▸ **BRIEF**
The line containing "Josephine scarpe JOSEPHINE", and every line after it to the end of the listing, should be repeated exactly; the pictures should not.

▸ **PROVIDED DATA**
*****

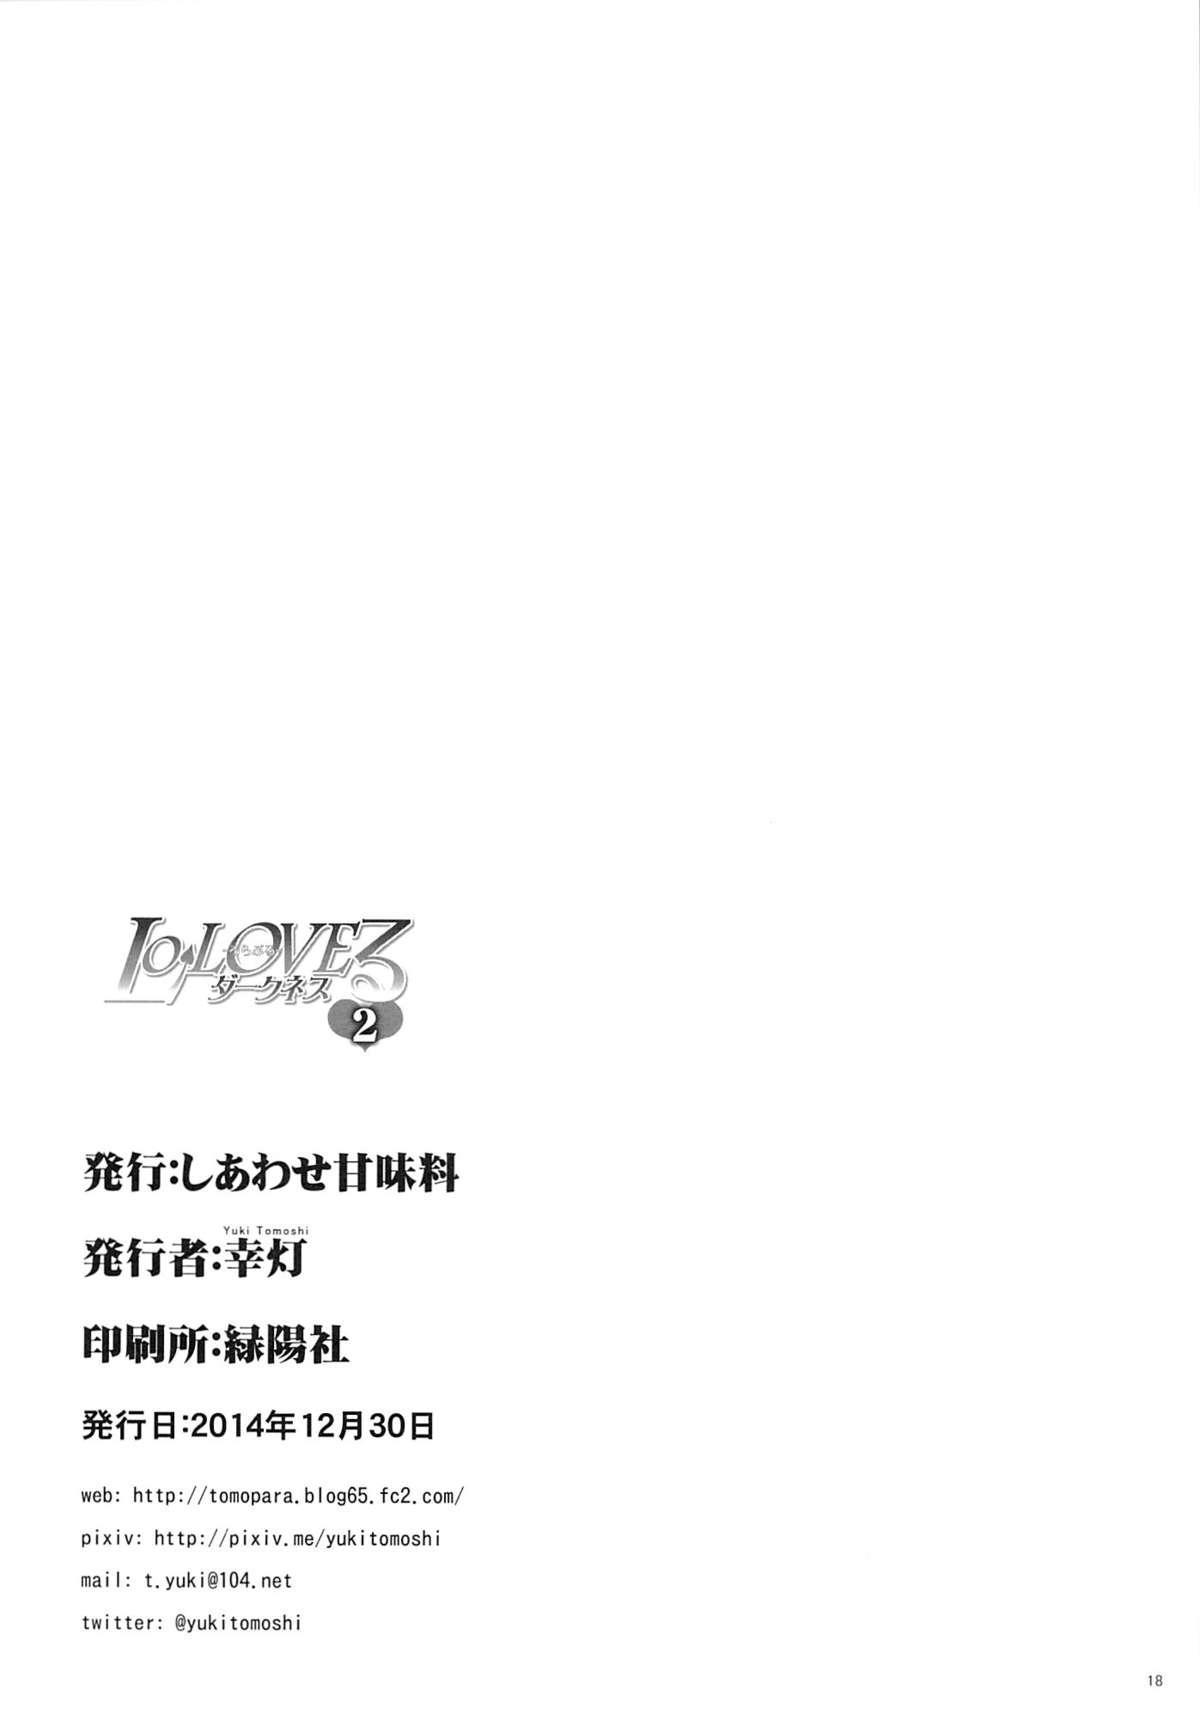 LoLOVE-Ru Darkness 2 16
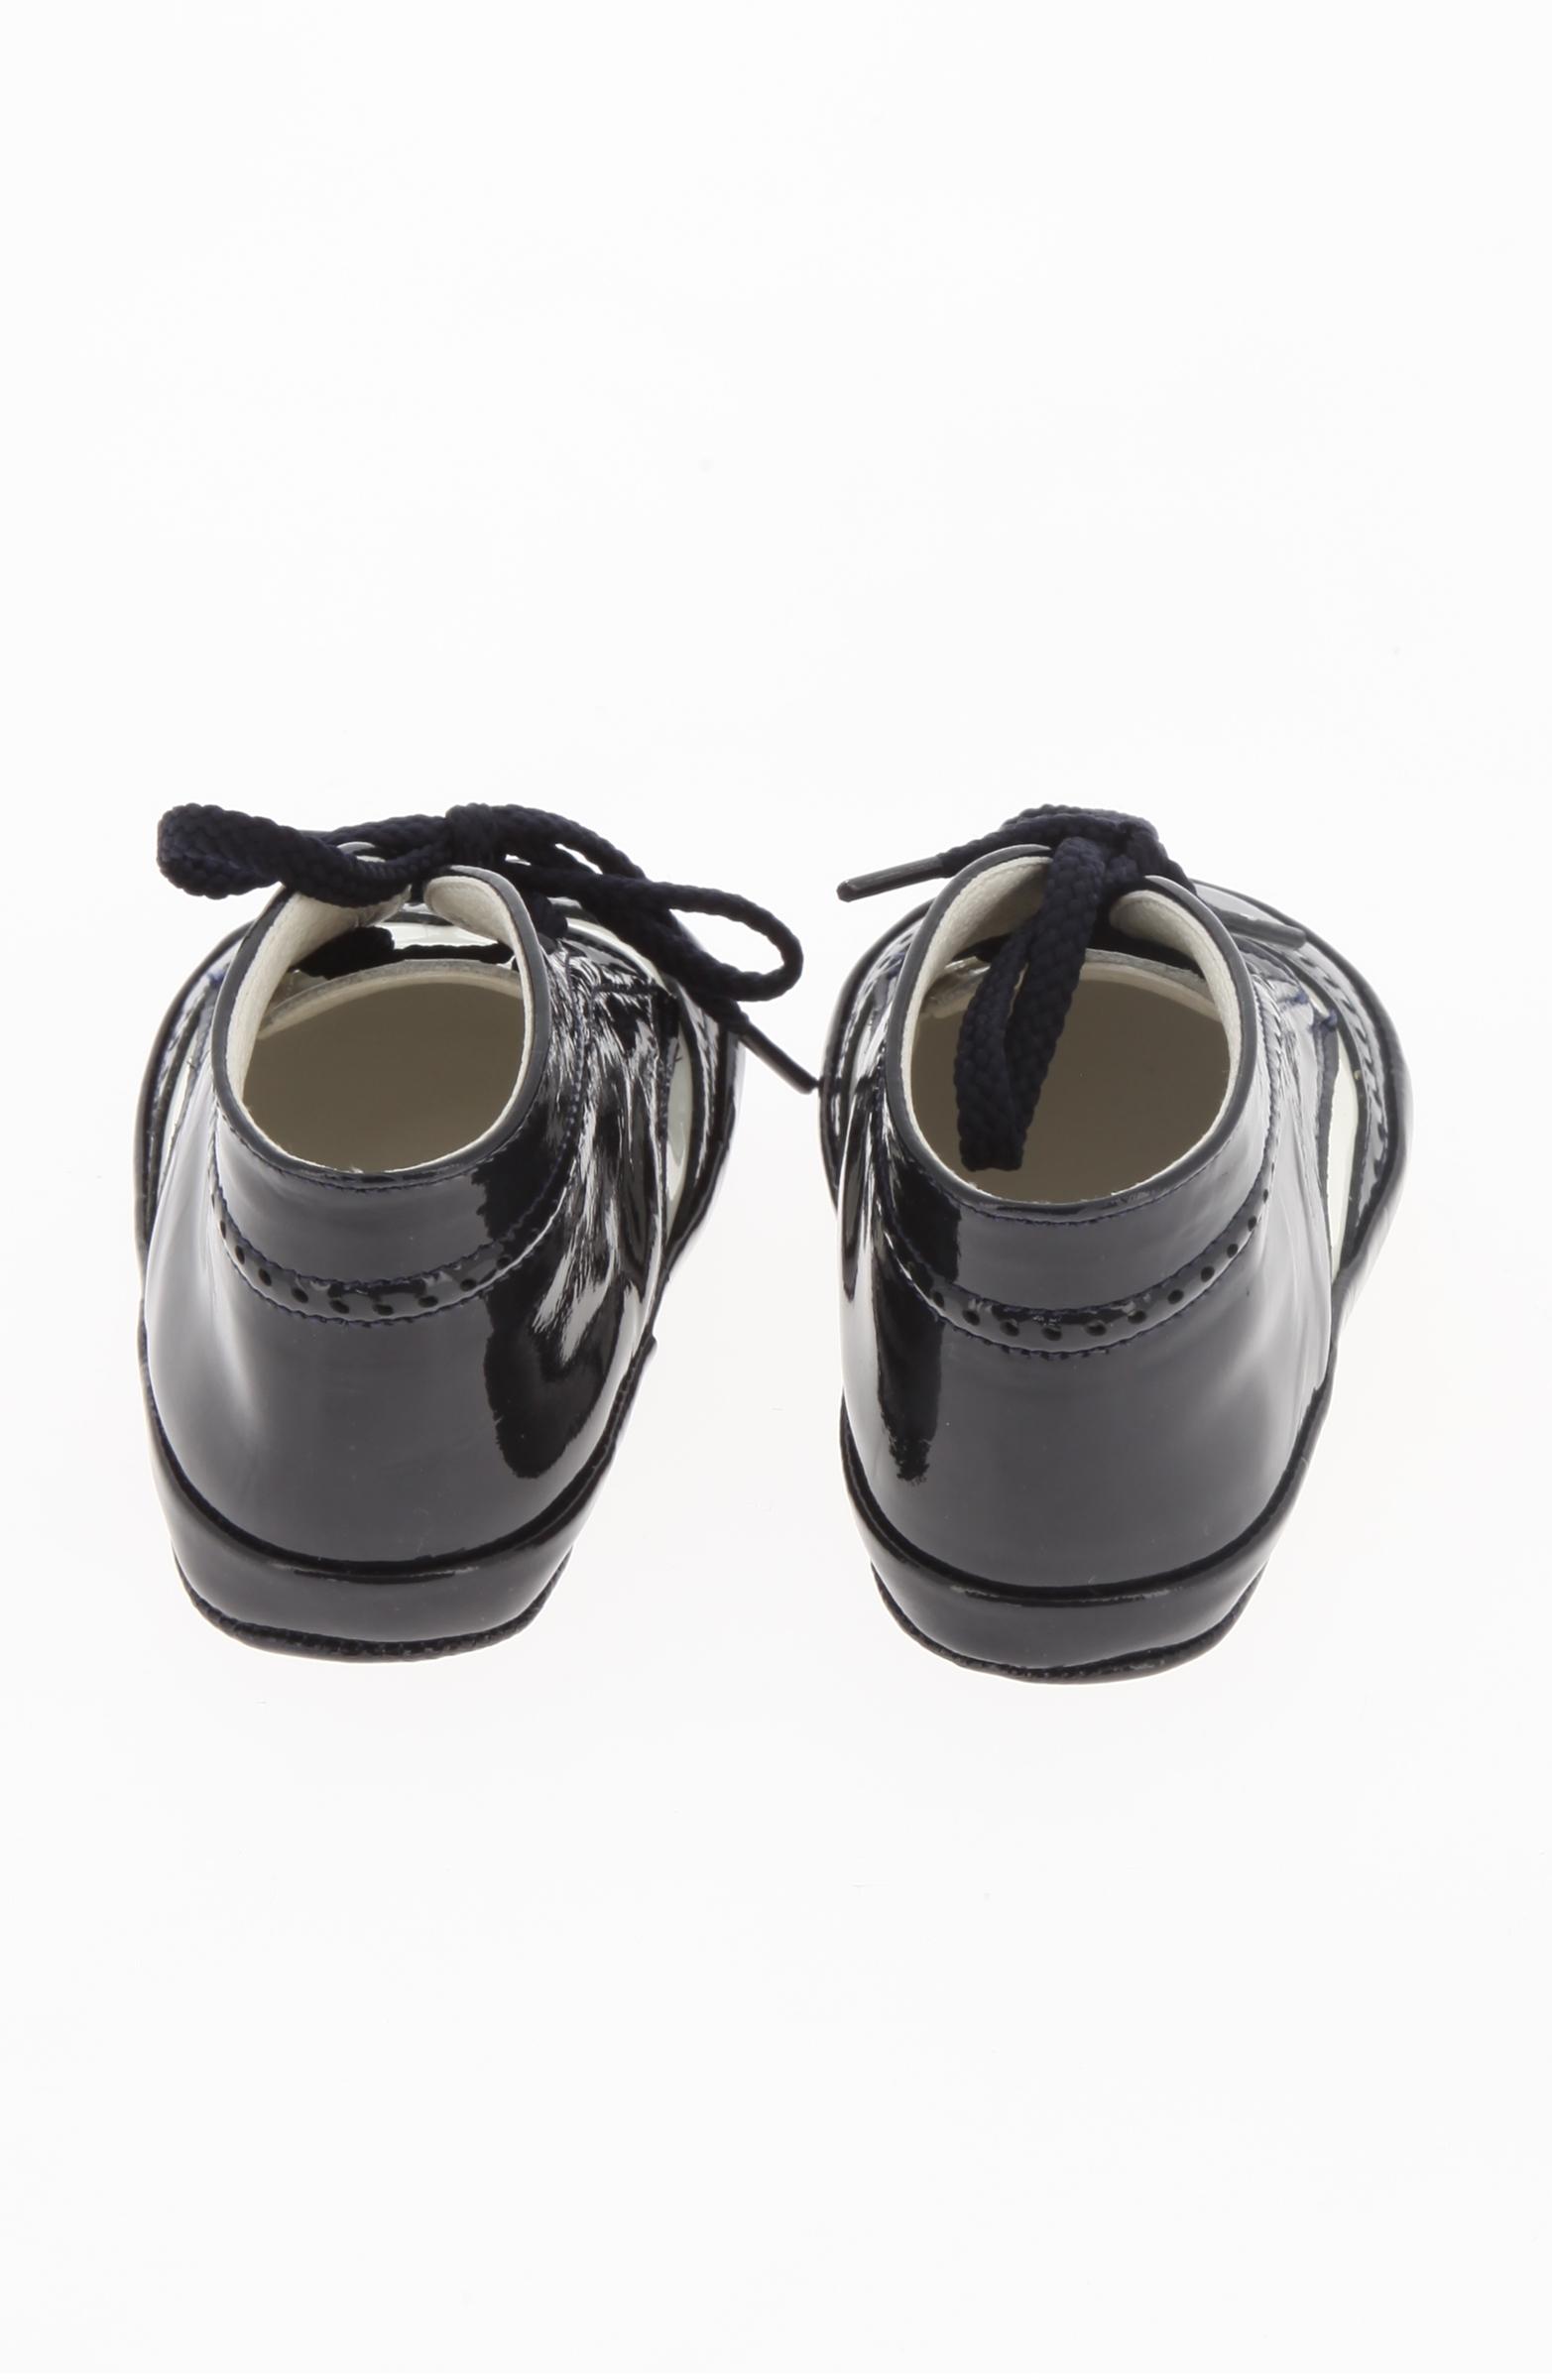 Josephine scarpe JOSEPHINE | Scarpe da culla | SCARPABIANCOBLUSV
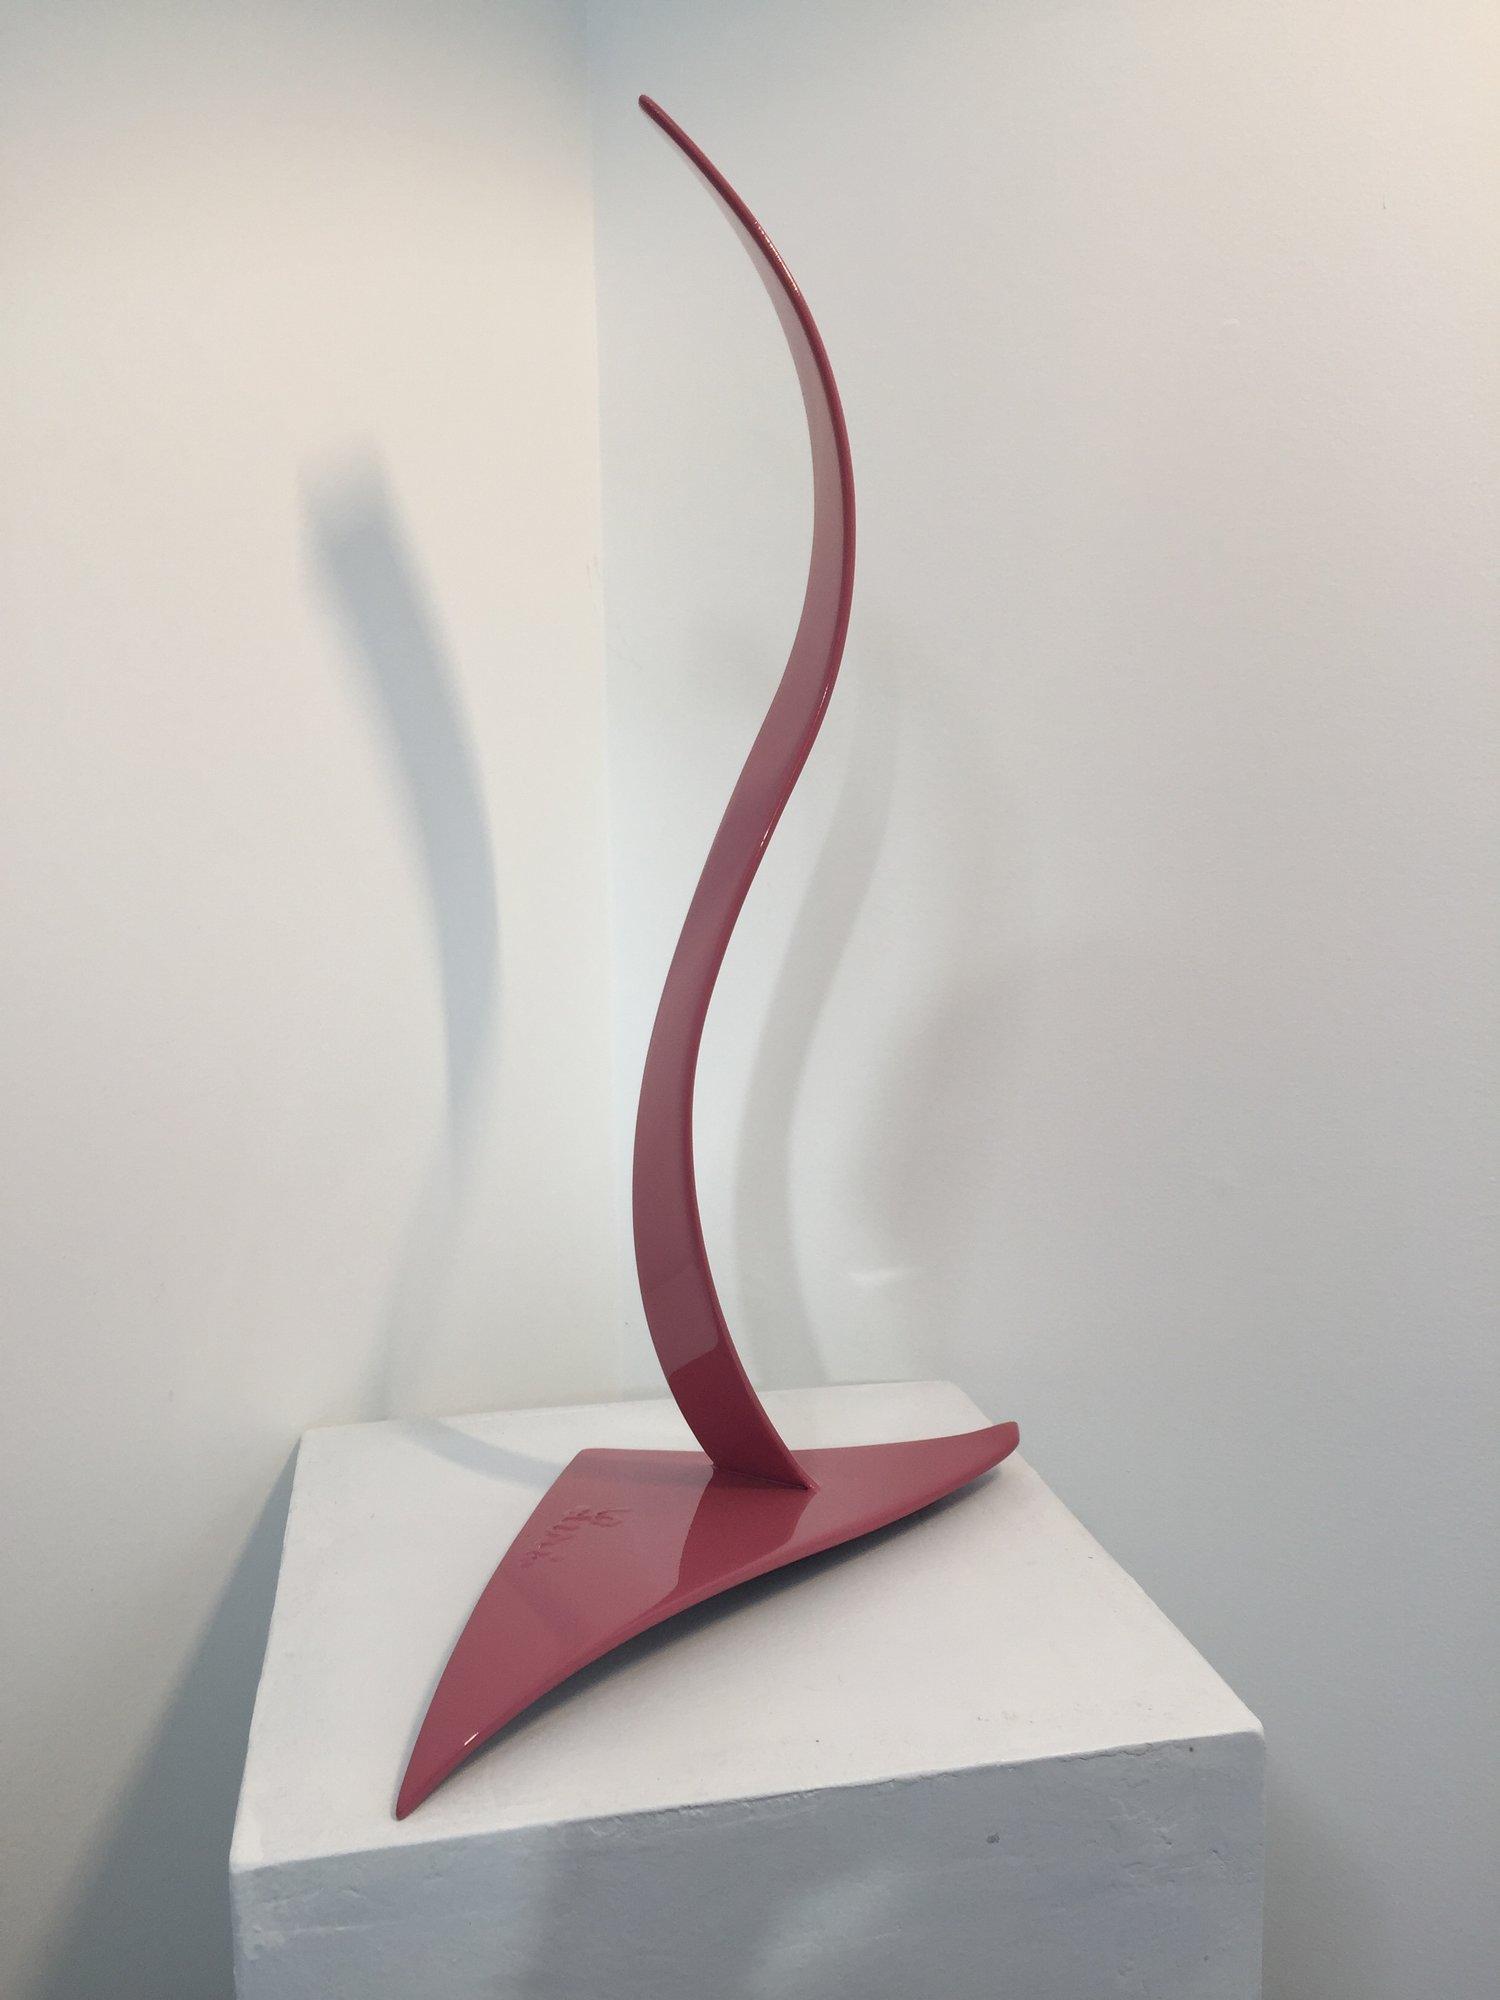 Signorina, 2013, painted welded steel, 20 x 12 x 6 in, $3,500

*****

▸ **SOLUTION TO THIS EXERCISE**
 Josephine scarpe JOSEPHINE | Scarpe da culla | SCARPABIANCOBLUSV
 Signorina, 2013, painted welded steel, 20 x 12 x 6 in, $3,500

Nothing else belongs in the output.